A tensão está aumentando no paddock da MotoGP. Enquanto a Dorna se mostrou intransigente ao bloquear a saída de Jorge Martin da Aprilia neste verão, a organizadora do campeonato agora se destaca pelo silêncio diante de uma injustiça flagrante: Marcos Ramirez acaba de ser demitido pela equipe americana Racing, apesar de ter contrato até 2026.
O piloto andaluz de anos A equipe não participará mais do campeonato de Moto2 na próxima temporada. A equipe americana anunciou a rescisão unilateral do contrato para abrir espaço para a nova equipe. Filip SalacPiloto checo sem vaga garantida para 2026.
RamirezApesar de ter contrato até 2026, ele foi obrigado a aceitar uma compensação financeira para resolver a questão. Seu futuro agora provavelmente está no Campeonato Mundial. Supersport, provavelmente em uma estrutura fabril.
À primeira vista, o assunto pode parecer trivial. Mas nos bastidores do paddock, essa decisão está causando ressentimento — e não apenas por causa da saída forçada do piloto espanhol.
Apenas alguns meses atrás, dorna havia se oposto à transferência de Jorge Martine então ansioso para partir Aprilia para juntar HondaA organização havia imposto uma regra rígida: enquanto seu contrato com a marca Noale estivesse em vigor, ele não poderia ser contratado por outro fabricante.
« Ou Martin ficaria na Aprilia por mais um ano, ou simplesmente não seria inscrito no campeonato mundial de 2026. "Ele então decidiu" dornaUma posição firme — mas agora percebida como profundamente inconsistente.
A indignação dos pilotos com o caso Ramirez:Os fabricantes estão protegidos, nós não."
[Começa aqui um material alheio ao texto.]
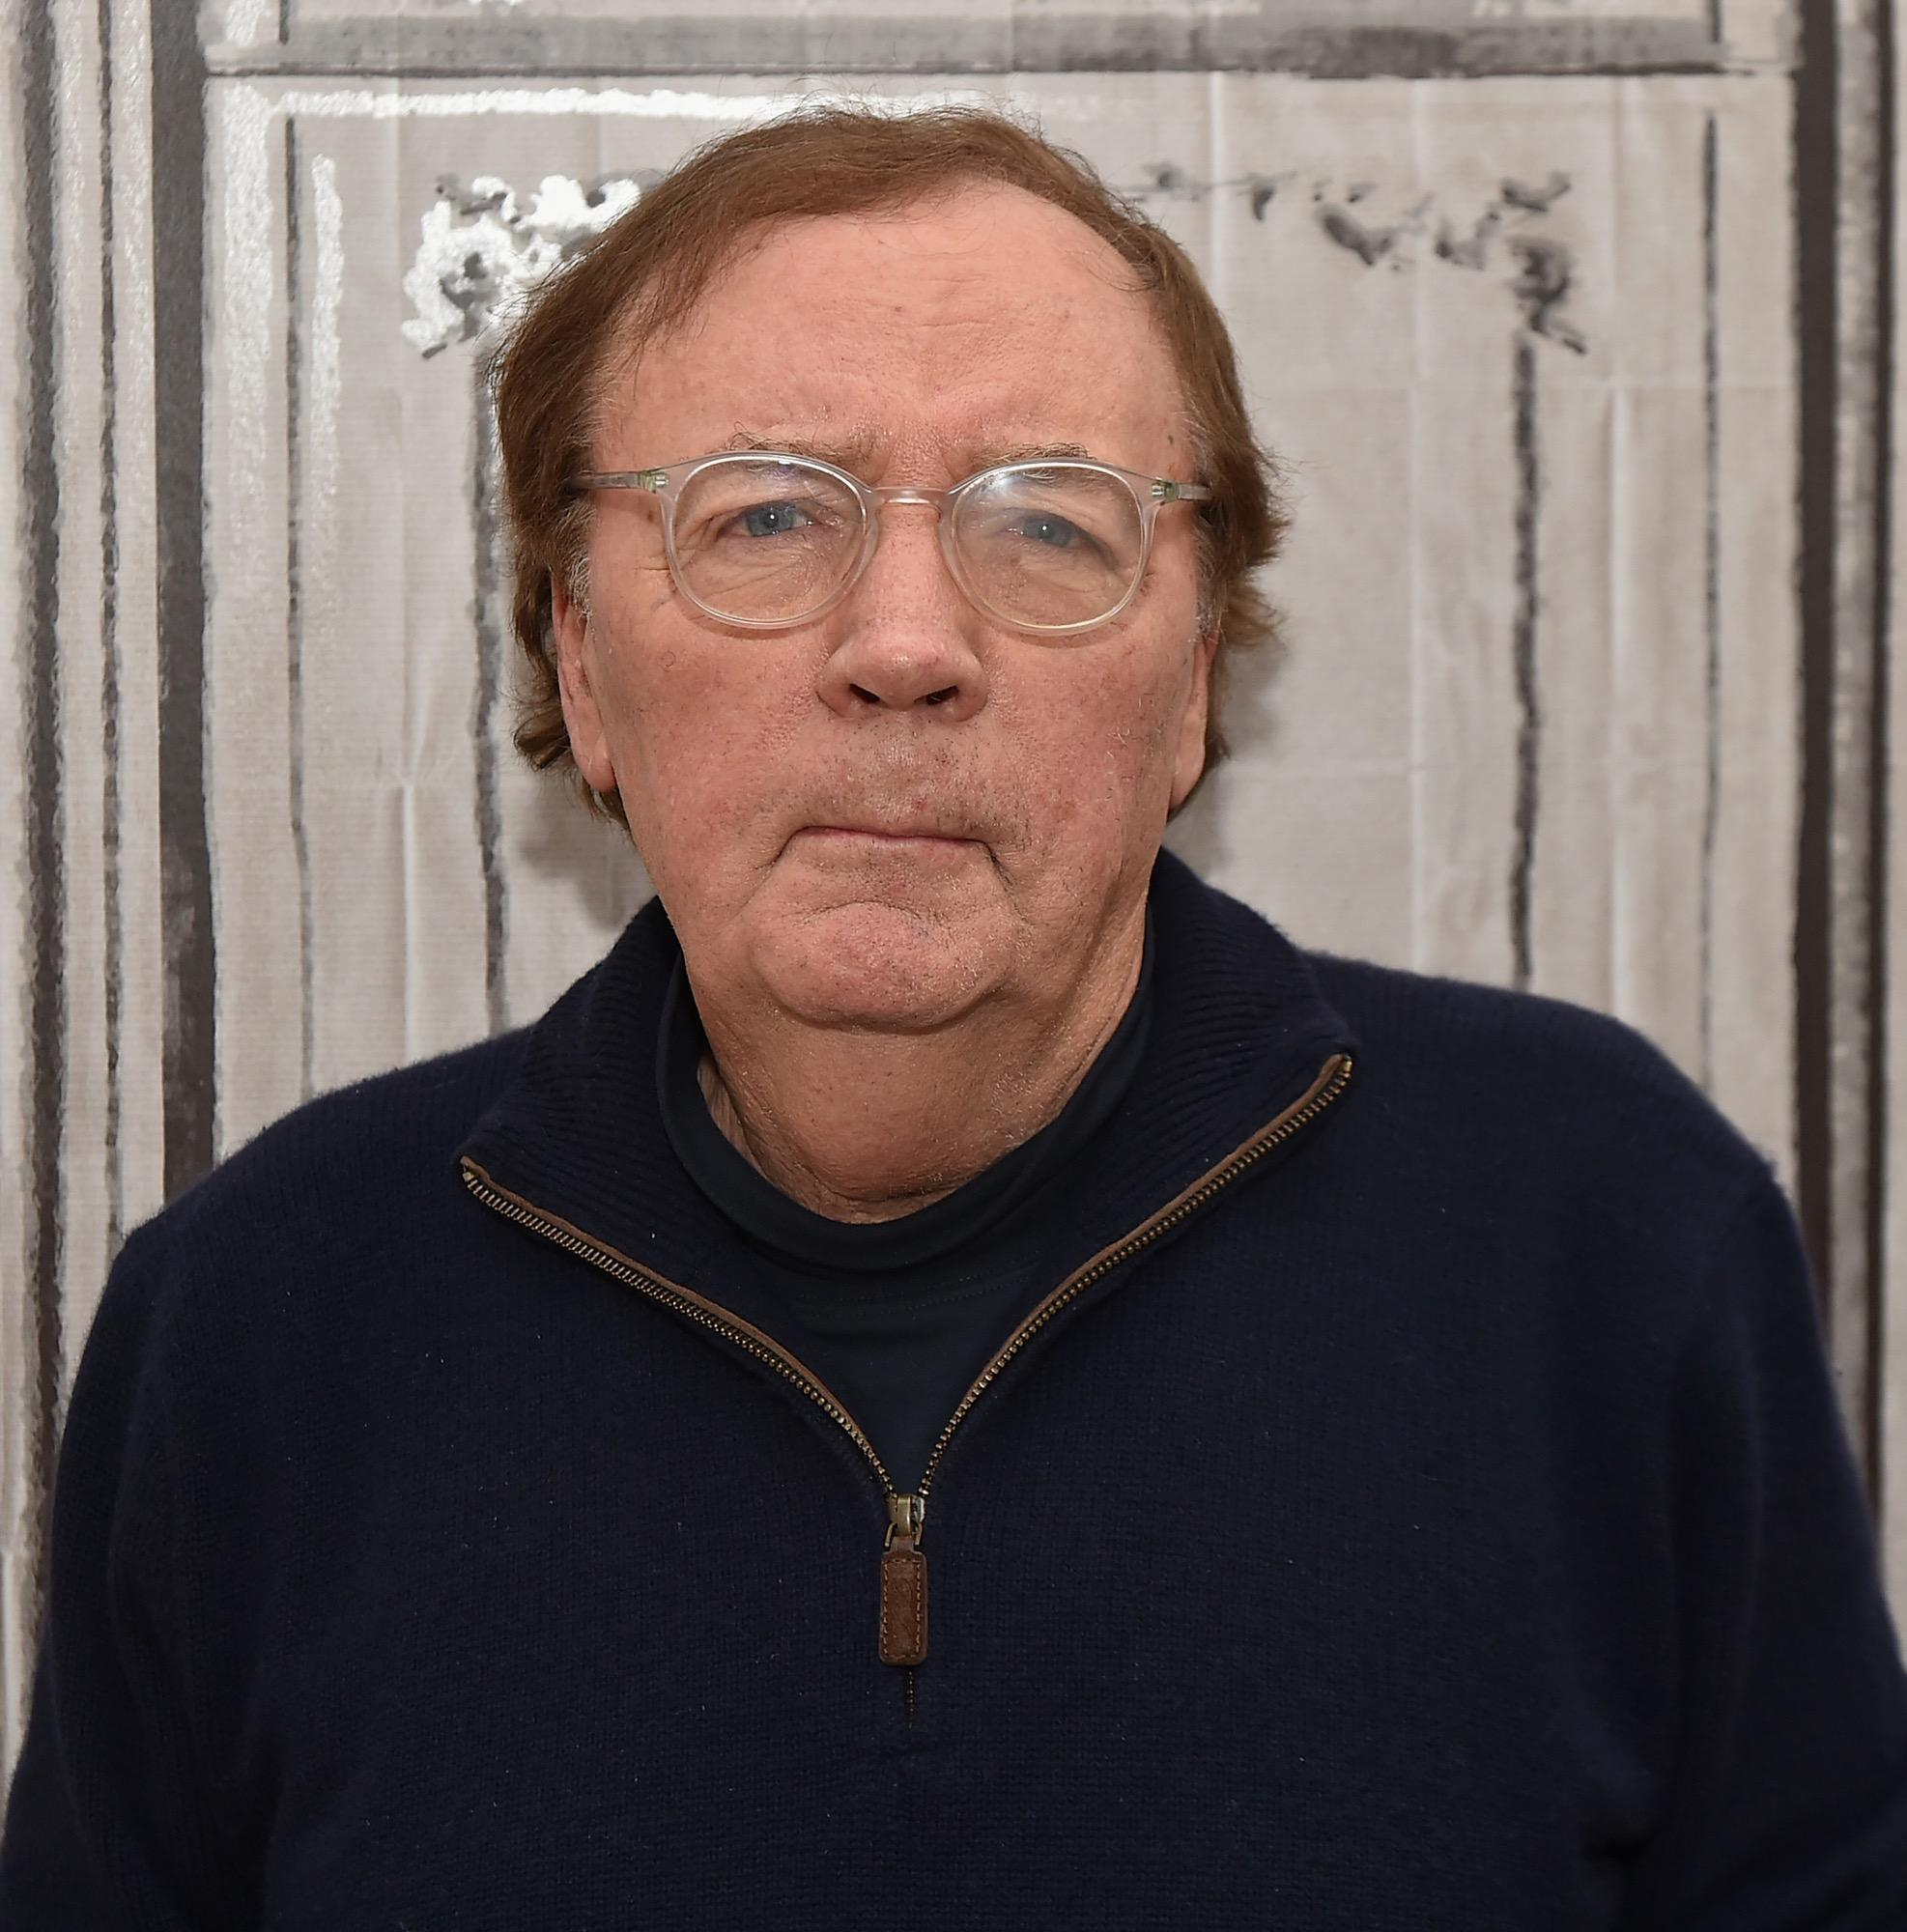 Krimi-Autor James Patterson (Alex-Cross-Reihe – noch Fragen?) muss sich auch keine Sorge um seine Rente machen. Dank seiner nervenaufreibenden Thriller ist er jetzt nämlich um 87 Millionen Dollar reicher.

Porque no caso de Marcos RamírezA Dorna não tomou nenhuma providência para defender os direitos do piloto, apesar de ele estar em situação contratual semelhante. Pior ainda, diversas fontes do paddock afirmam que a organização sequer se opõe à saída do piloto espanhol e que esta seria recebida "com certo alívio" nos bastidores.
Esse tratamento desigual causou um verdadeiro choque entre os pilotos da Moto2 e da MotoGP. Muitos estão denunciando um sistema de duas classes, onde fabricantes e equipes são sistematicamente protegidos em detrimento dos pilotos.
« Quando um piloto quer sair, ele exibe os contratos. Quando uma equipe demite um piloto, todos ficam em silêncio. "", deixou escapar um piloto da Moto2, falando sob condição de anonimato.
Existem precedentes semelhantes: Bo Bendsneyder, Karel Abraão ou Miguel Oliveira todas vivenciaram interrupções unilaterais sem qualquer intervenção real de dorna.
Este caso evidencia o desequilíbrio estrutural entre pilotos e equipes no mundo do MotoGP. Em teoria, os contratos protegem ambas as partes; na prática, os pilotos continuam sendo os mais vulneráveis, principalmente na Moto2 e na Moto3, onde a pressão econômica muitas vezes se sobrepõe à estabilidade esportiva.
Pingente que dorna proclama-se a garante da "consistência contratual" no que diz respeito a Jorge Martin, Marcos Ramírez Paga o preço por uma política com geometria variável.
E desta vez, o paddock não pretende ficar em silêncio: vários pilotos já planejam levantar a questão junto à Associação Internacional de Equipes de Corrida (IRTA) durante a final em Valência.
O contraste é impressionante: Jorge Martin foi impedido de fugir de um contrato para se juntar HondaEnquanto Marcos RamírezEle, por outro lado, é simplesmente expulso.
A lição, para muitos, é amarga: no MotoGP Nos tempos modernos, as marcas têm direitos e os motoristas têm opções. dornaA entidade, que deveria defender a justiça, parece agora estar jogando um jogo perigoso — o da política, e não o do esporte.